Produce UTS from `#lang resyntax/test`
The language's read-syntax implementation should produce Universal Tagged Syntax (UTS), which is my term for the kind of syntax objects I'm using to make Resyntax work on non-s-expression #langs. This implies a few restrictions:
- The result of
syntax-eanyways produces either an atom (a value with no syntax objects inside it) or a compound, which is a proper list of proper syntax objects. - Every list syntax object's first child is a shape tag, which is a keyword used to label the type of the surface syntax node.
- Every atom has a
'uts-contentsyntax property whose value is a string. This is used as the textual form of the atom when writing the syntax object as text. - Every shape tag has a
'uts-separatorssyntax property whose value is a list of strings. The list should be equal to one plus the number of non-tag children in the tagged syntax object. This is combined with the textual forms of the child syntax objects when writing the tagged syntax object as text. The first separator is the prefix before the first child, the last separator is the suffix after the last child, and the middle separators are inserted between the children. The shape tags themselves are not written.
The one exception to the above is that the outermost syntax object returned by a #lang's reader is allowed to start with (module ...), with no shape tag.
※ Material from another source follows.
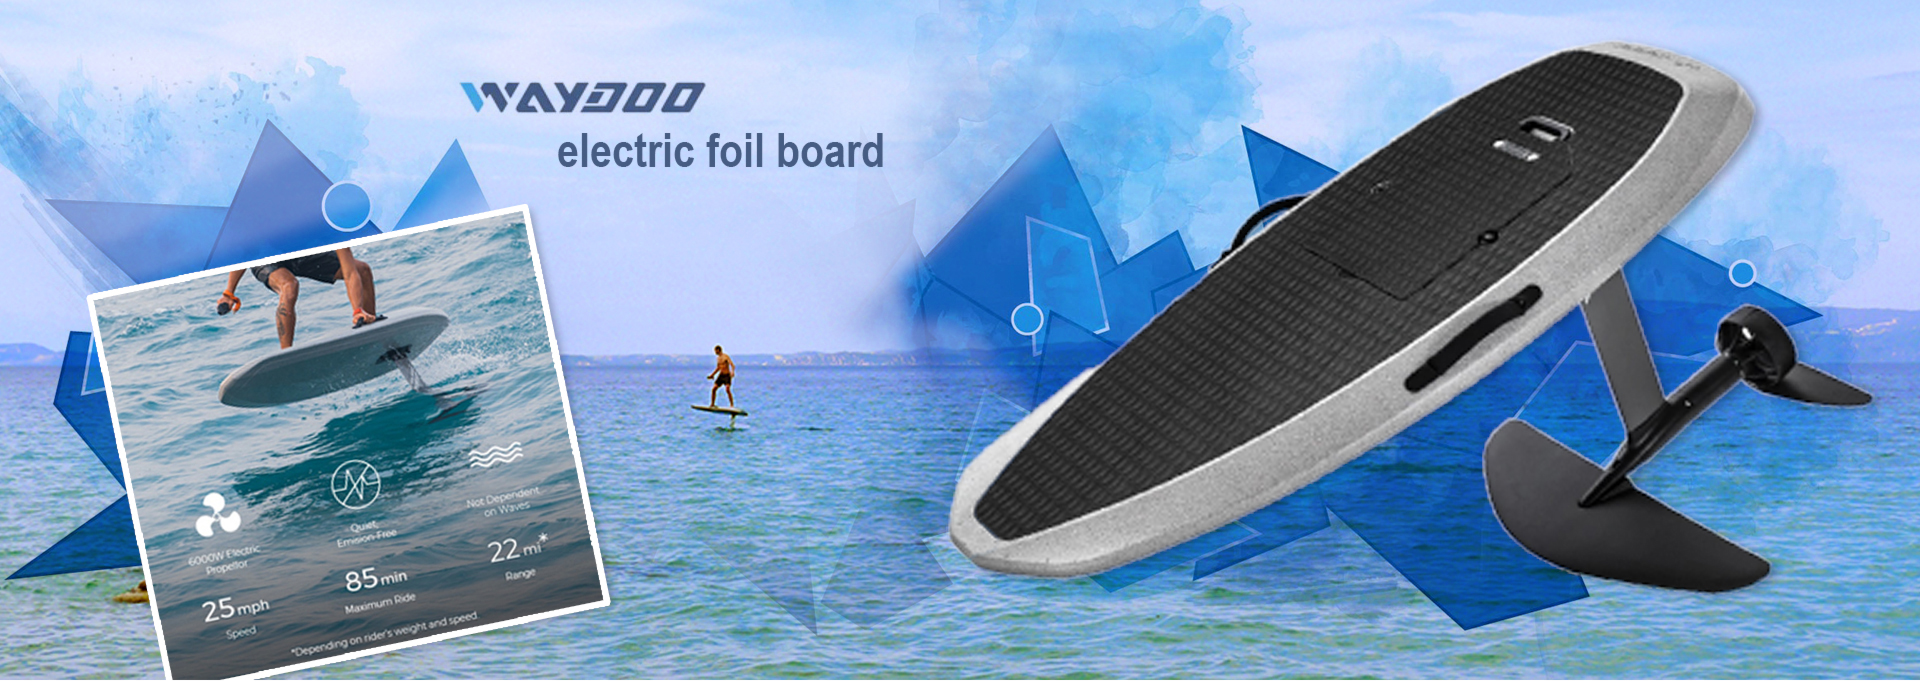 WayDoo_e-foil-board-surfCenter-Katsareas

This is required for compatibility with Racket's #lang mechanism.
In addition to the above, a #lang's reader should produce original reader UTS, which is UTS where every syntax object is syntax-original? and where all syntax object source locations adhere to these rules:
- Source locations never partially overlap.
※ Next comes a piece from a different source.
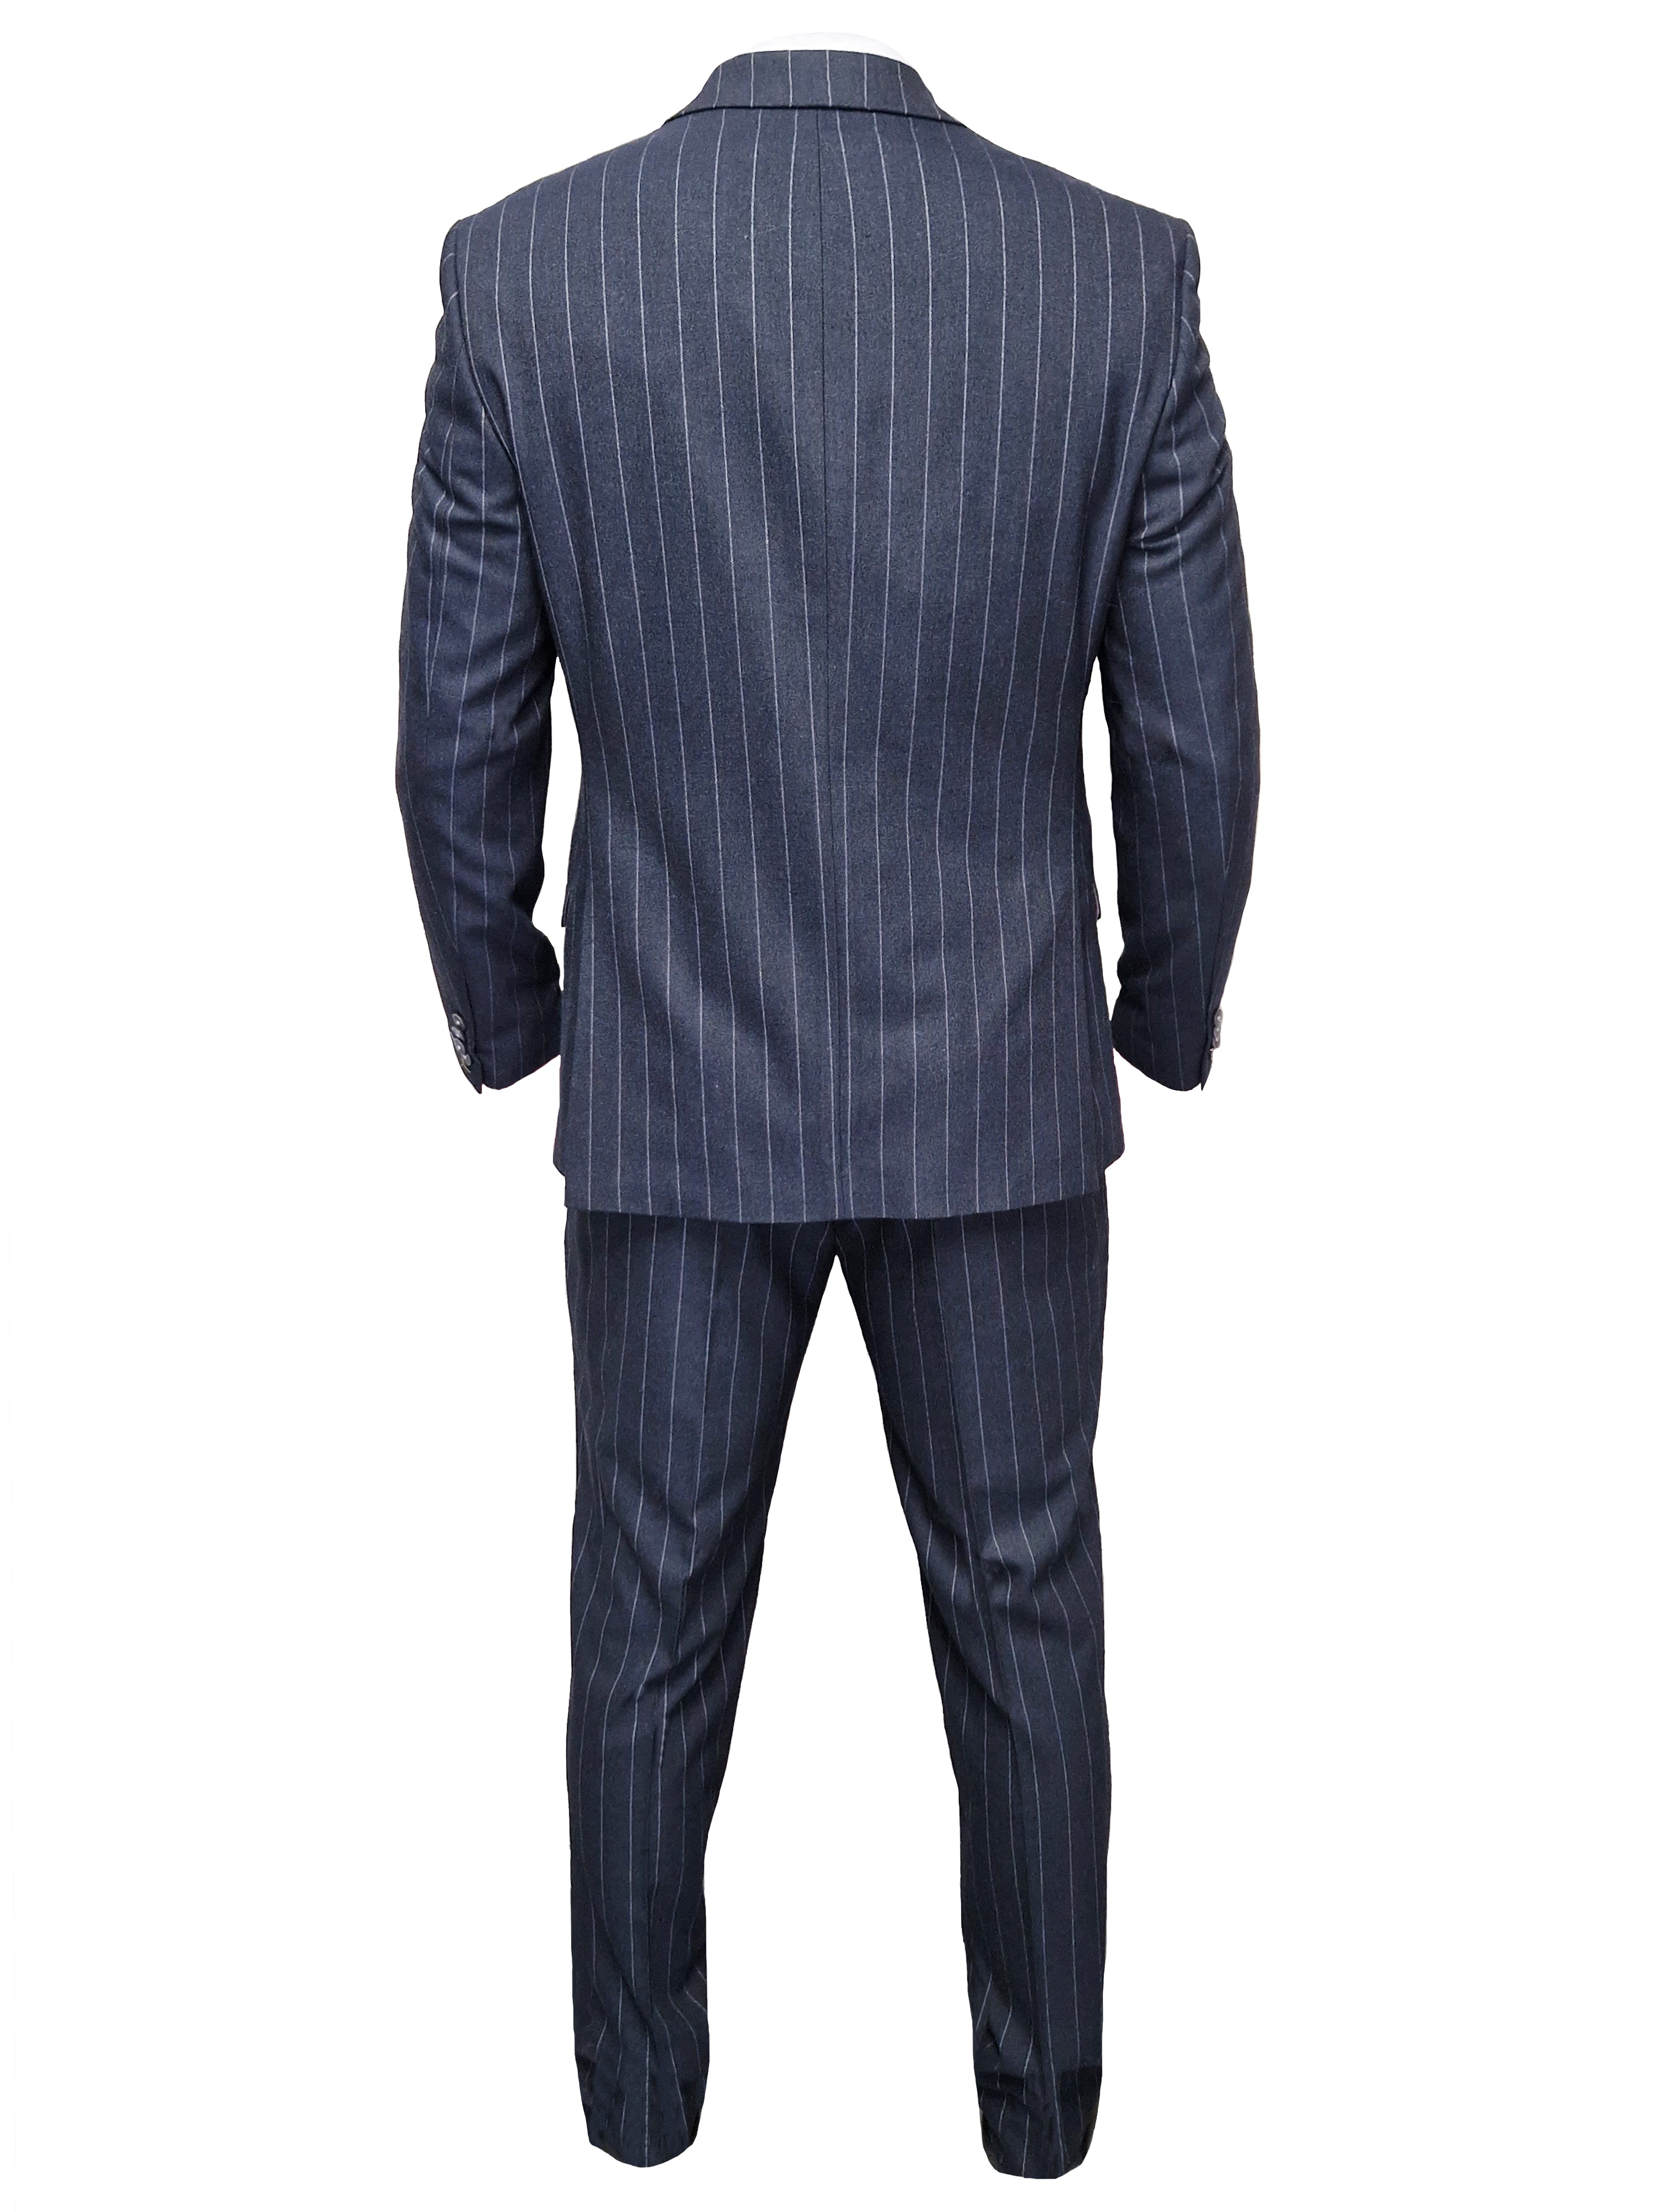 Navy Blue Striped Suit for Men - Cavani Invincible Suit

- One source location encloses another only when the first location's syntax object contains the second location's syntax object as a descendant.
- One source location starting before another implies its syntax object comes before the other one's during a preorder traversal of the entire source file's syntax object.
- Every syntax object's
syntax-sourcevalue is the same and is in some way related to the original file or string containing the#langdirective. - Shape tags start at the same position as their parent syntax object and have a span of zero
- Atoms have a
uts-contentstring equal to the text at their source location in the original source code. Similarly, compounds have auts-separatorslist whose strings are the substrings between its children, between the compound's start position and its first child's start, and between the compound's end position and its last child's end. - The
syntax-spanof a compound is equal to the spans of its children plus the total number of characters in the compound'suts-separatorslist.
Open questions include specifying how the #lang text should be reflected in the UTS properties, how autoformatting should work, how to detect comments, how indentation works, and probably lots of other stuff.